杧果Fe-S簇装配基因MiISU1的生物学功能

doi:10.13560/j.cnki.biotech.bull.1985.2022-0616

摘要/Abstract

摘要：

Fe-S簇装配机制相关基因在植物生长发育过程中起重要作用，克隆参与杧果线粒体Fe-S簇装配机制的ISU1，并分析其生物学功能，为研究热带果树Fe-S簇装配的分子机制提供基因资源和理论支撑。利用同源克隆法获得杧果MiISU1，通过实时荧光定量PCR分析该基因的组织特异性表达特征及其在转录水平对不同铁素处理的响应情况，创制MiISU1超表达转基因拟南芥株系并分析其潜在的生物学功能。结果表明，从二倍体杧果‘桂热82’中克隆获得MiISU1，在幼果中的表达水平最高，其次是在成熟果实、盛开期花朵和新生叶片中，而在新生根和新生韧皮部中的表达量较低；缺铁处理显著抑制了MiISU1在一年生杧果嫁接幼苗根中的表达量，而高铁毒害显著增强了MiISU1在整株幼苗不同组织中的表达量。此外，超表达MiISU1显著促进了转基因拟南芥的生长、铁素富集水平、叶片叶绿素含量、硝酸还原酶、乌头酸酶和琥珀酸脱氢酶的酶活力，通过增强转基因植株的根系发育进而提升对缺铁胁迫的耐受能力。MiISU1在杧果铁素营养和代谢中发挥作用，其活性受铁素供应水平的调控。

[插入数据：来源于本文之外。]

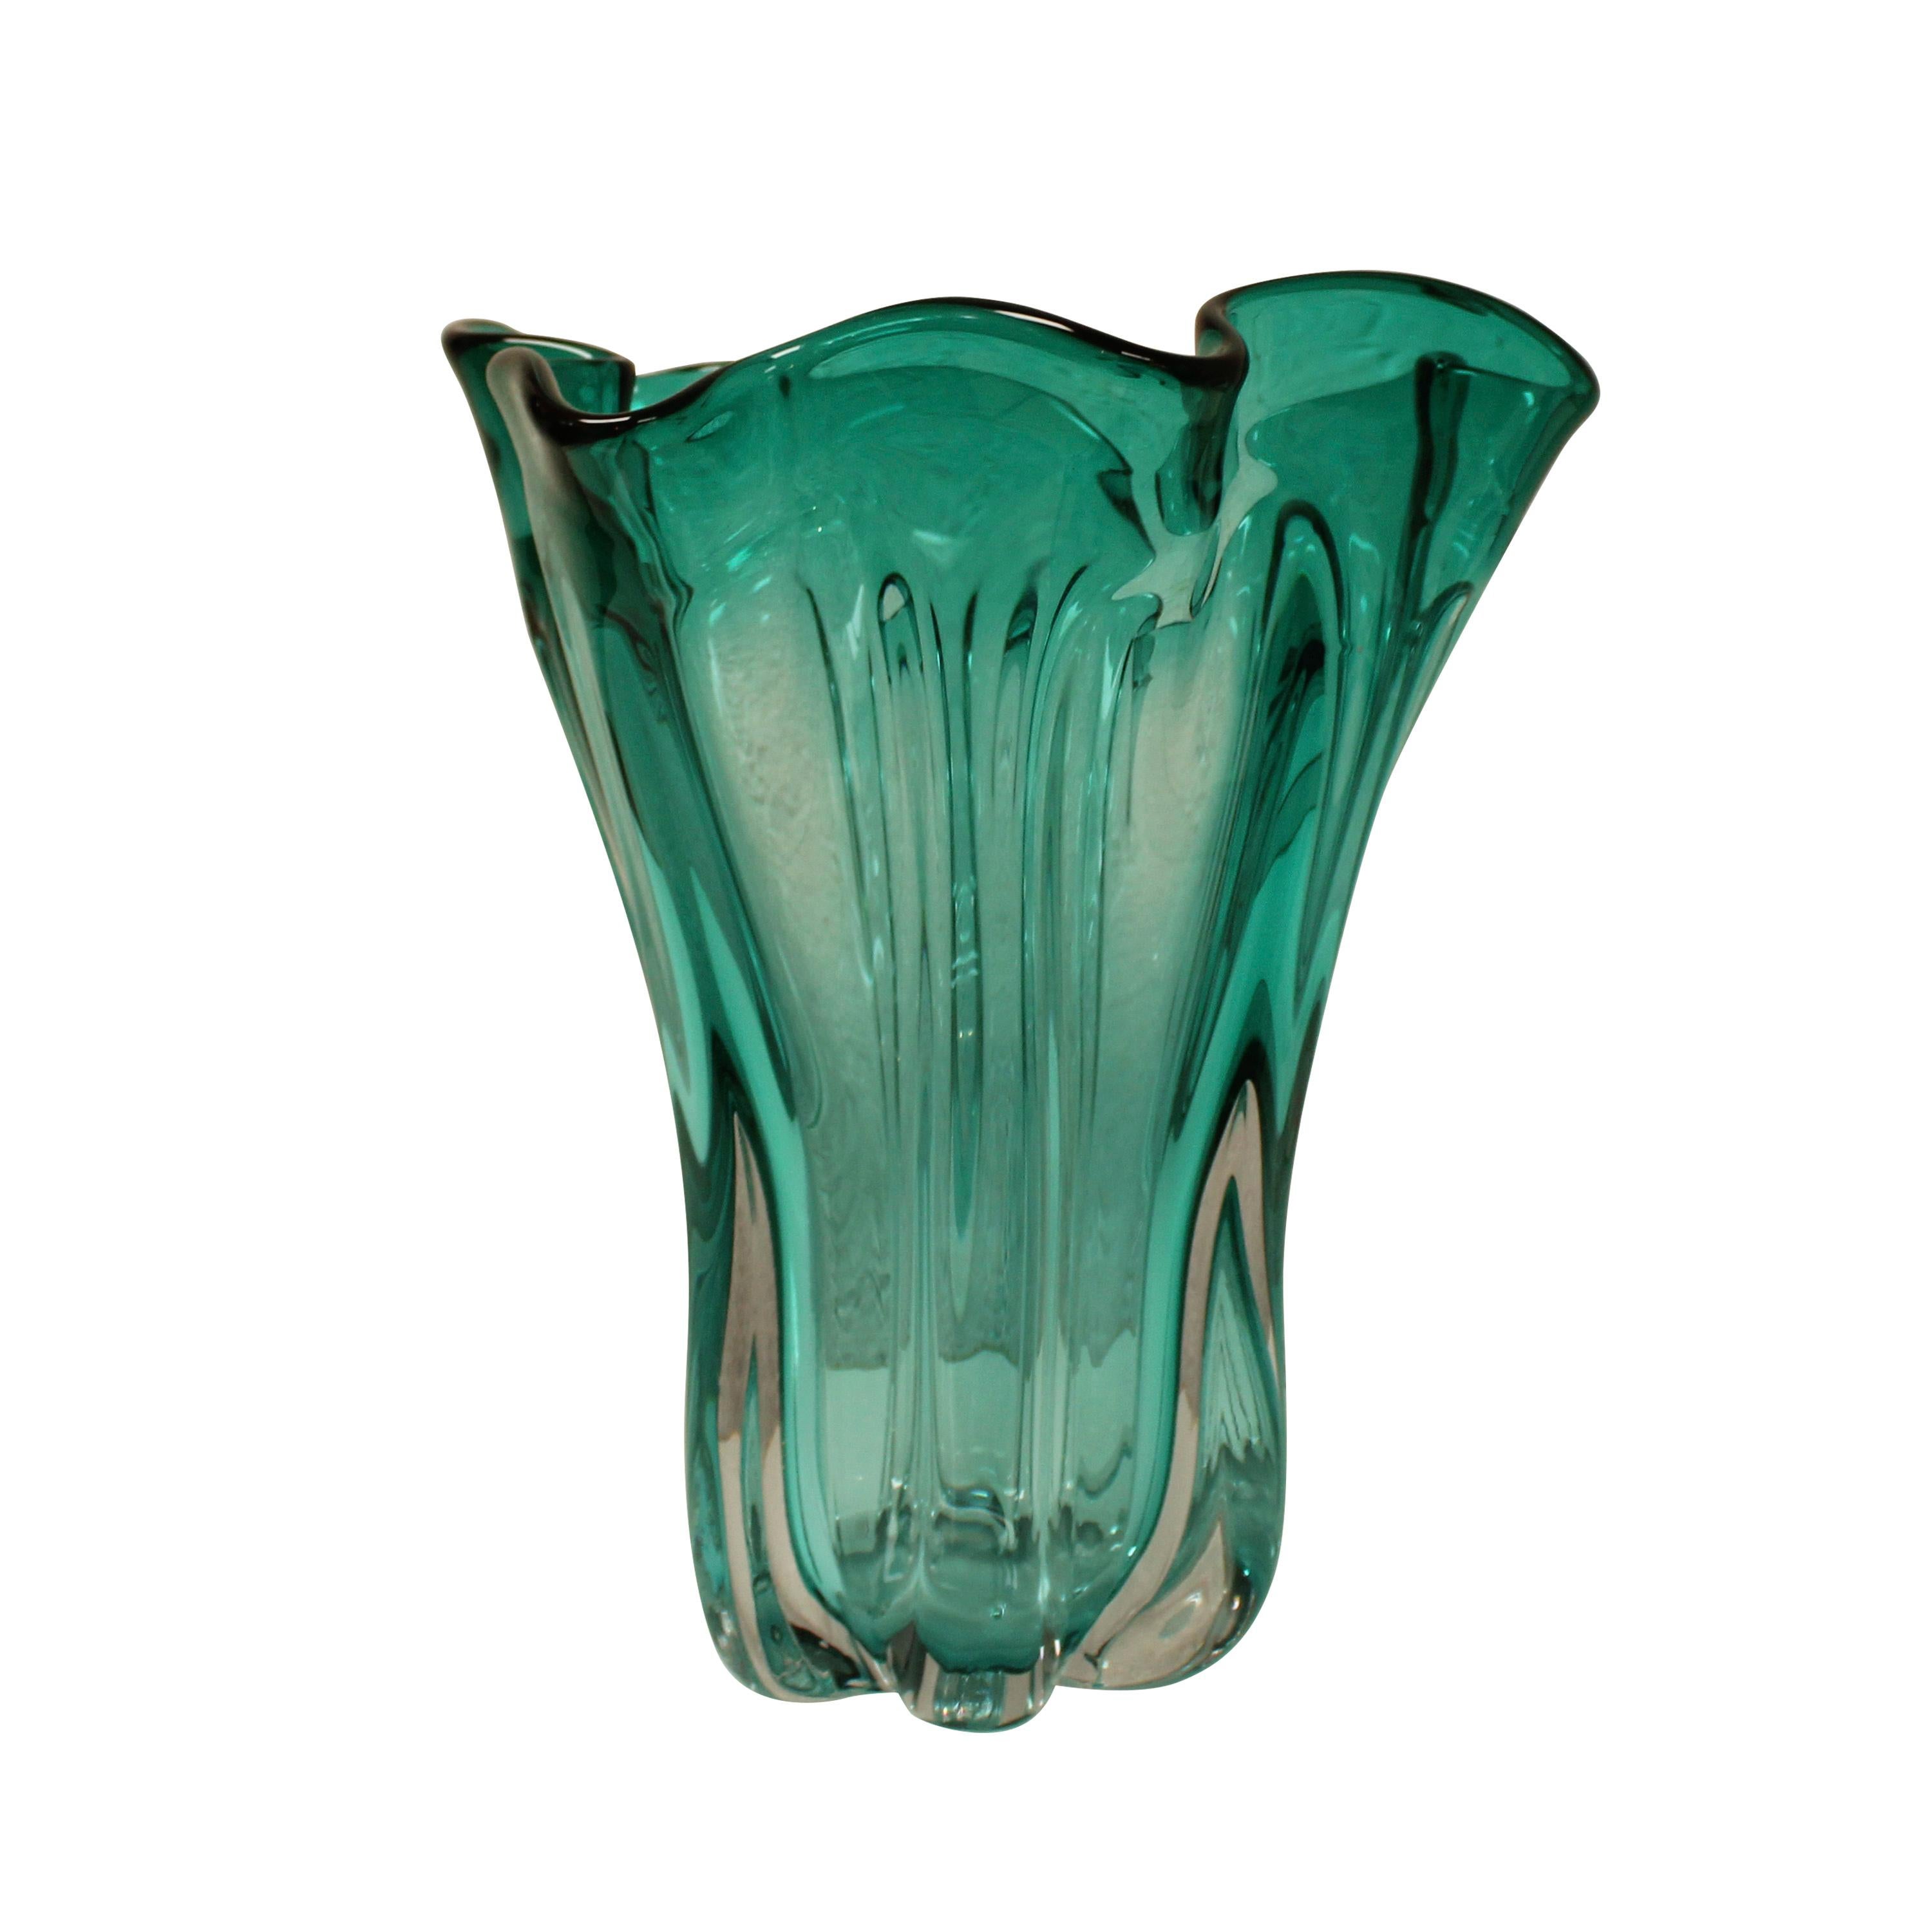 Vase aus mundgeblasenem, italienischem, türkisfarbenem, halbtransparentem Glas mit einer von der Nature inspirierten, organischen Form.

关键词: 杧果, 铁代谢, Fe-S簇装配机制, ISU1, 缺铁胁迫, 转基因拟南芥

Abstract:

Iron-sulfur（Fe-S）cluster assembly genes play important roles in plant growth and development. We focused on the cloning and functional determination of MiISU1 involved in mitochondrial Fe-S cluster assembly in mango（Mangifera indica）and analyzed its biological functions, which may provide gene resources and theoretical foundation for the molecular mechanisms of Fe-S cluster assembly in tropical crops. The MiISU1 was isolated by homology cloning technology from mango. The tissue-specific expression characteristics and their responses to different Fe supplies were detected by quantitative real-time PCR. Functional verification of MiISU1 was carried out via creating over-expressed transgenic Arabidopsis seedlings. Results showed that MiISU1 was isolated from diploid mango ‘Guire 82’, whose expression was the highest in young fruits, followed by mature fruits, full-bloom flowers and new leaves, but was low in new roots and new phloem. In addition, Fe depletion significantly reduced the expression of MiISU1 in the roots of 1-year-old grafted seedlings, while high Fe toxicity significantly enhanced the expression of MiISU1 in the whole tested seedlings. Moreover, over-expression of MiISU1 in Arabidopsis significantly enhanced plant growth, accompanied with enhanced Fe accumulation, leaf total chlorophyll, nitrite reductase（NIR）, aconitase（ACO）and succinate dehydrogenase（SDH）activities in transgenic lines, and improved plant resistance to Fe depletion via enhancing the root growth and development. MiISU1 plays a key role in Fe nutrition and metabolism of mango, which is regulated by external Fe status.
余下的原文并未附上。